A systematic review by Cannon et al. supports our findings, emphasising that socioeconomic factors significantly influence DR-TB treatment outcomes.³¹ Understanding these context-specific elements is crucial for developing effective interventions to reduce the DR-TB burden. Achieving the targets of the End TB strategy necessitates integrating medical and socioeconomic efforts. A holistic approach is vital for eliminating DR-TB and addressing the associated medical, social and economic challenges. Effective management of DR-TB must also account for socio-economic influences, as the study noted.

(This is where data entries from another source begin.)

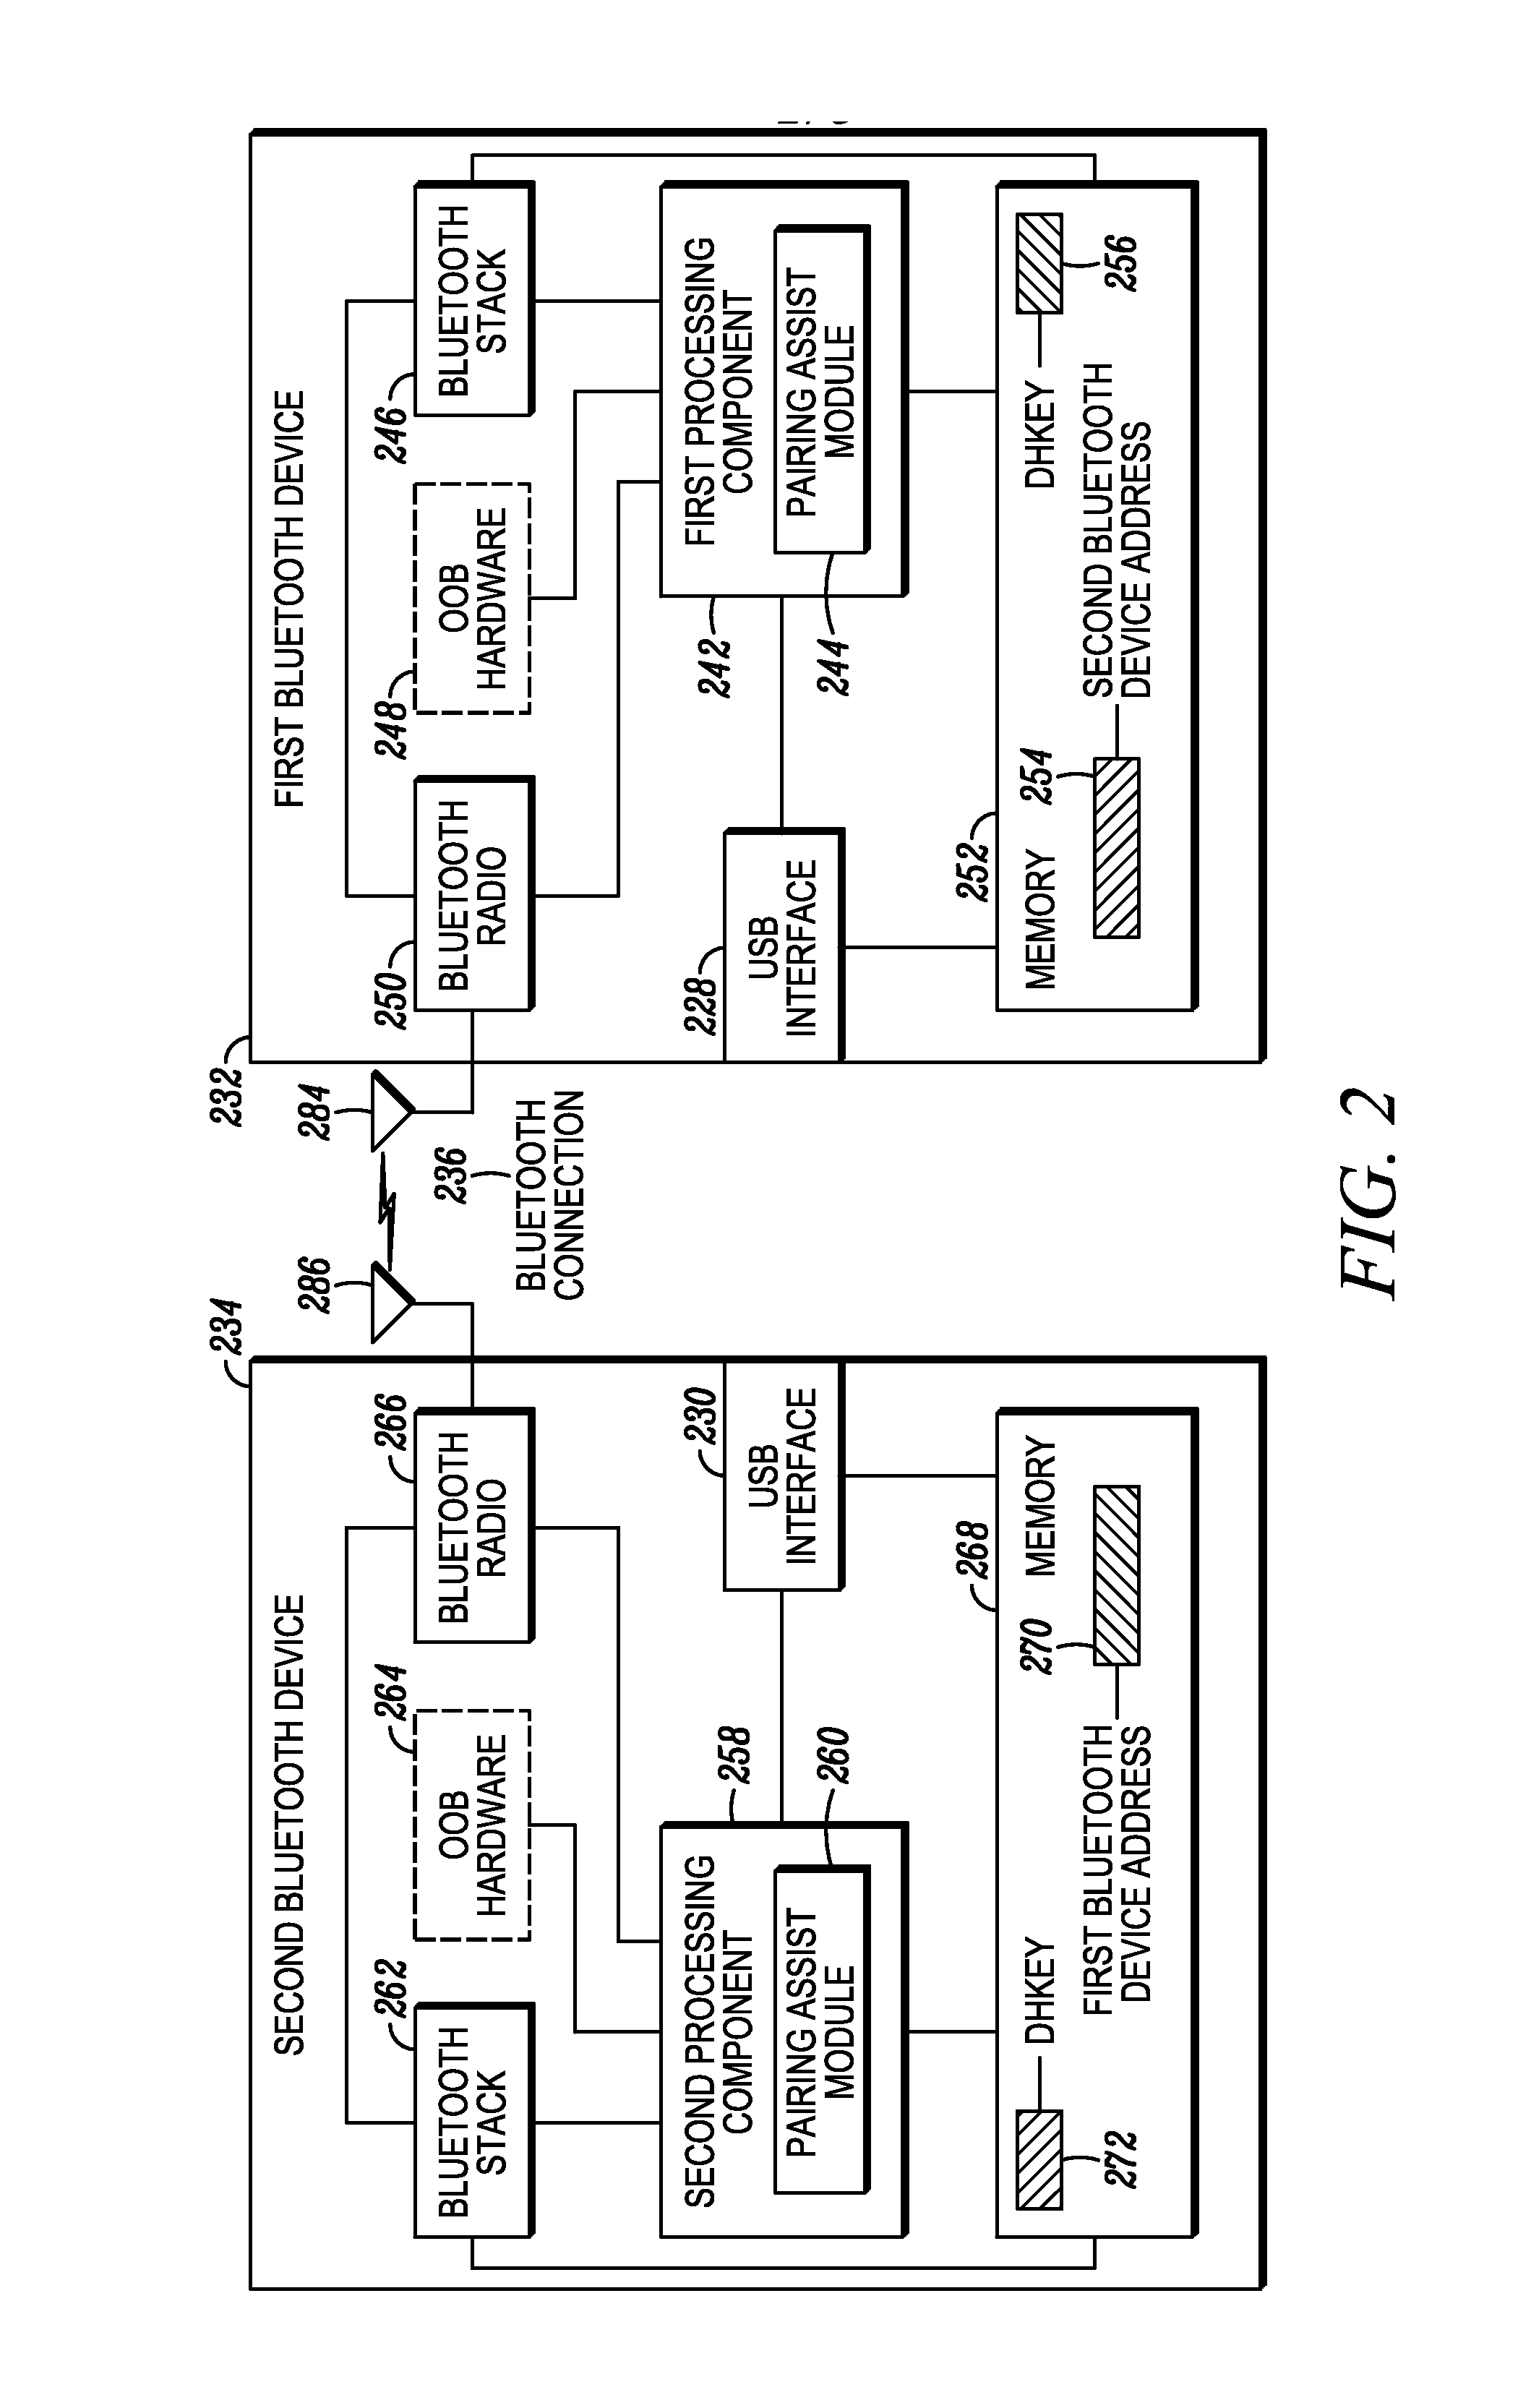 Method and Apparatus to Facilitate Pairing Between Wireless Devices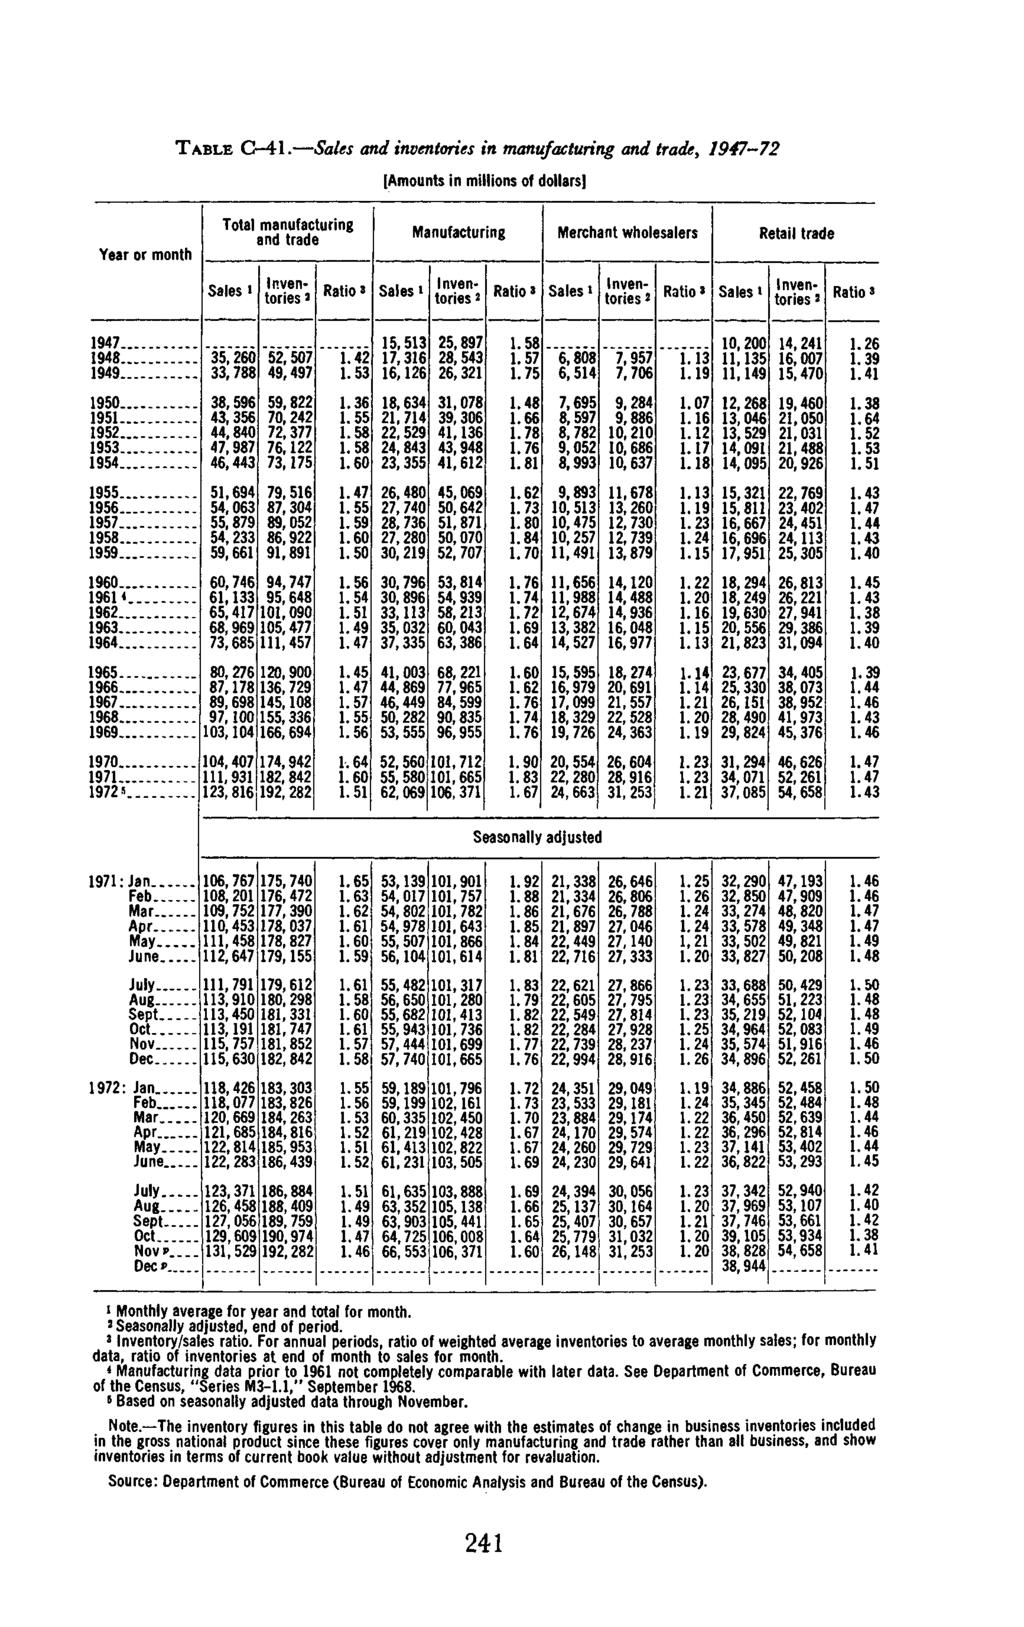 1973 TABLE C-41. and inventories in manufacturing ; 1947-7 Ratios 35,60 5,507 1.4 16,16 5,897 8,543 6,31 58 57 75 10, 00 14,41 1.6 1950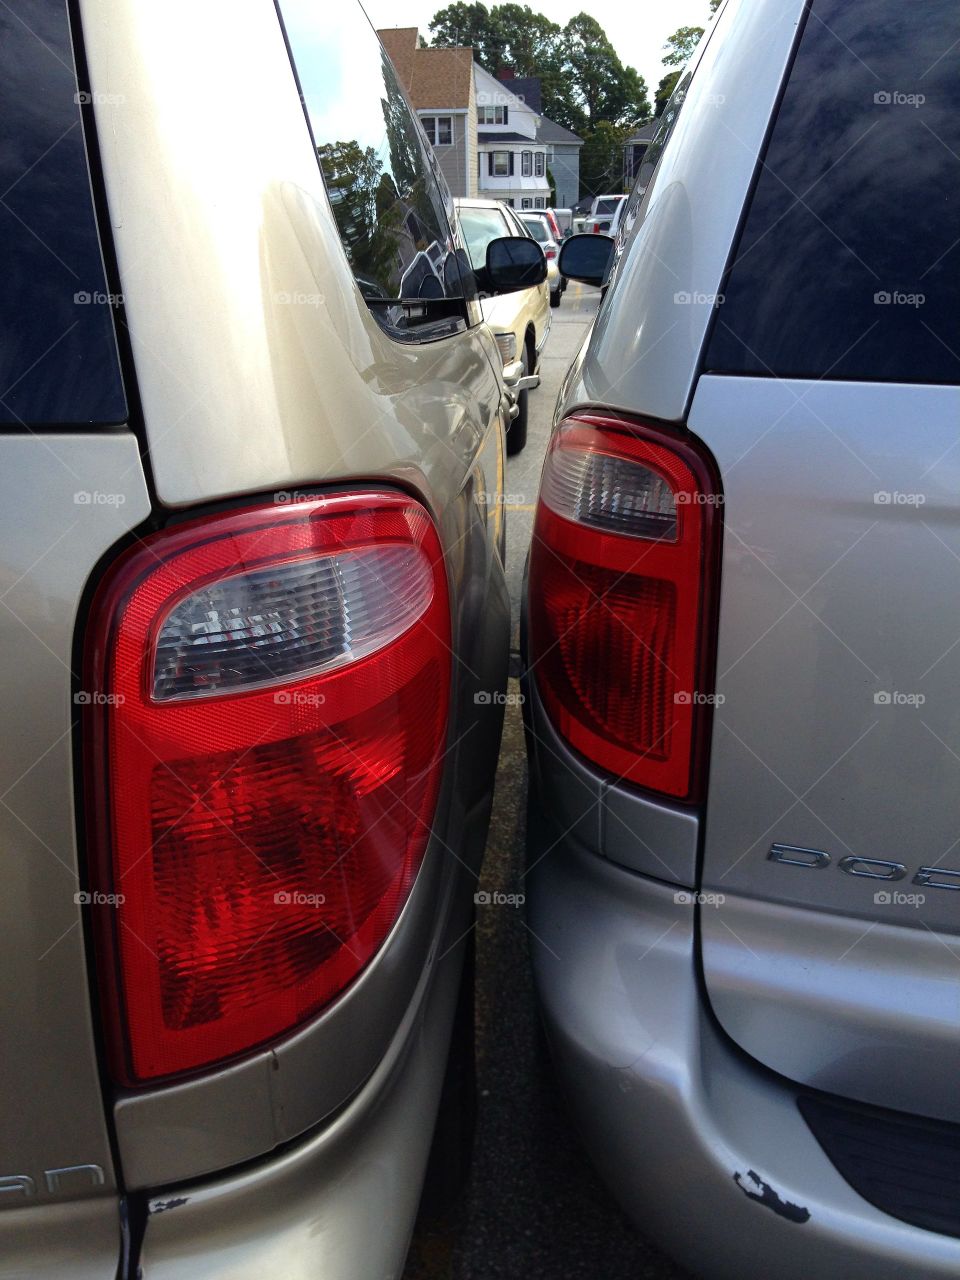 Bad Parking in parking lot. Scraped up & dented cars. Accident.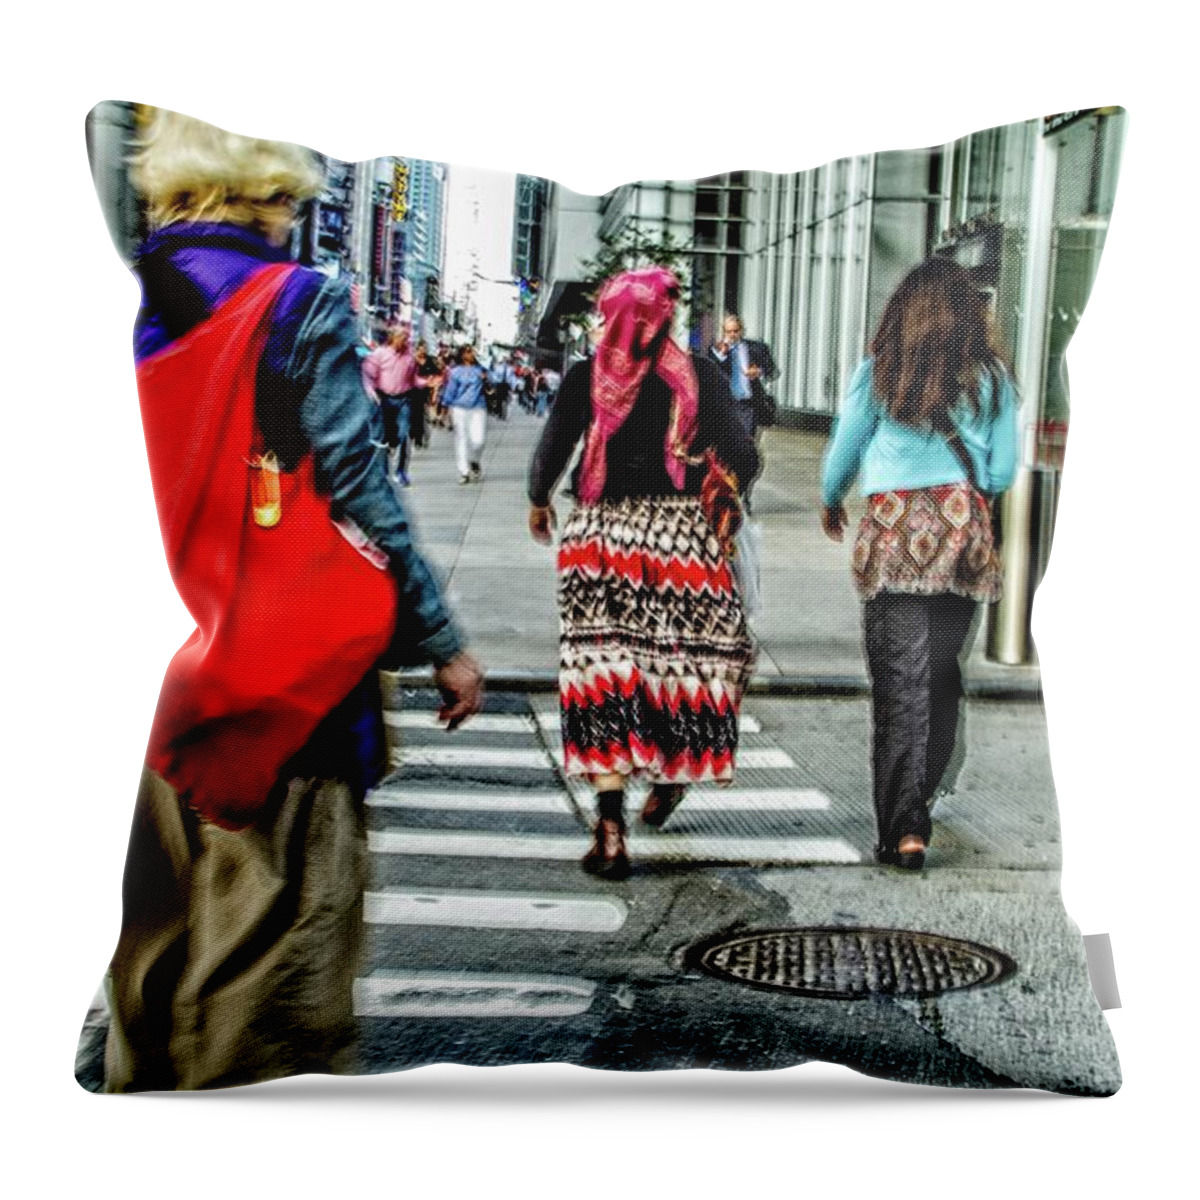 Crossing Throw Pillow featuring the photograph Crossing by Karol Livote

Possible limitations to the study

Observational study design: As the study is observational, causal relationships between risk factors (e.g. diabetes, substance use) and cure outcomes cannot be definitively established. Missing or incomplete data: Missing clinical, behavioural or socioeconomic data may have introduced bias or affected the accuracy of the results. Self-reported information: Variables such as smoking, alcohol use and income may have been self-reported, which can be prone to recall bias or social desirability bias. Unmeasured confounding: Other important factors (e.g. nutritional status, adherence to treatment, stigma) that were not measured could have influenced outcomes. Generalisability: The findings may be specific to the study population or geographic setting and may not generalise to different regions, healthcare systems or patient groups. Small sample size for subgroups: For certain subgroups (e.g. XDR-TB patients, mental illness), the number of cases might have been small, limiting statistical power to detect differences. Lack of data on treatment adherence: Adherence to TB treatment is a key factor influencing cure rates but may not have been fully captured in the dataset.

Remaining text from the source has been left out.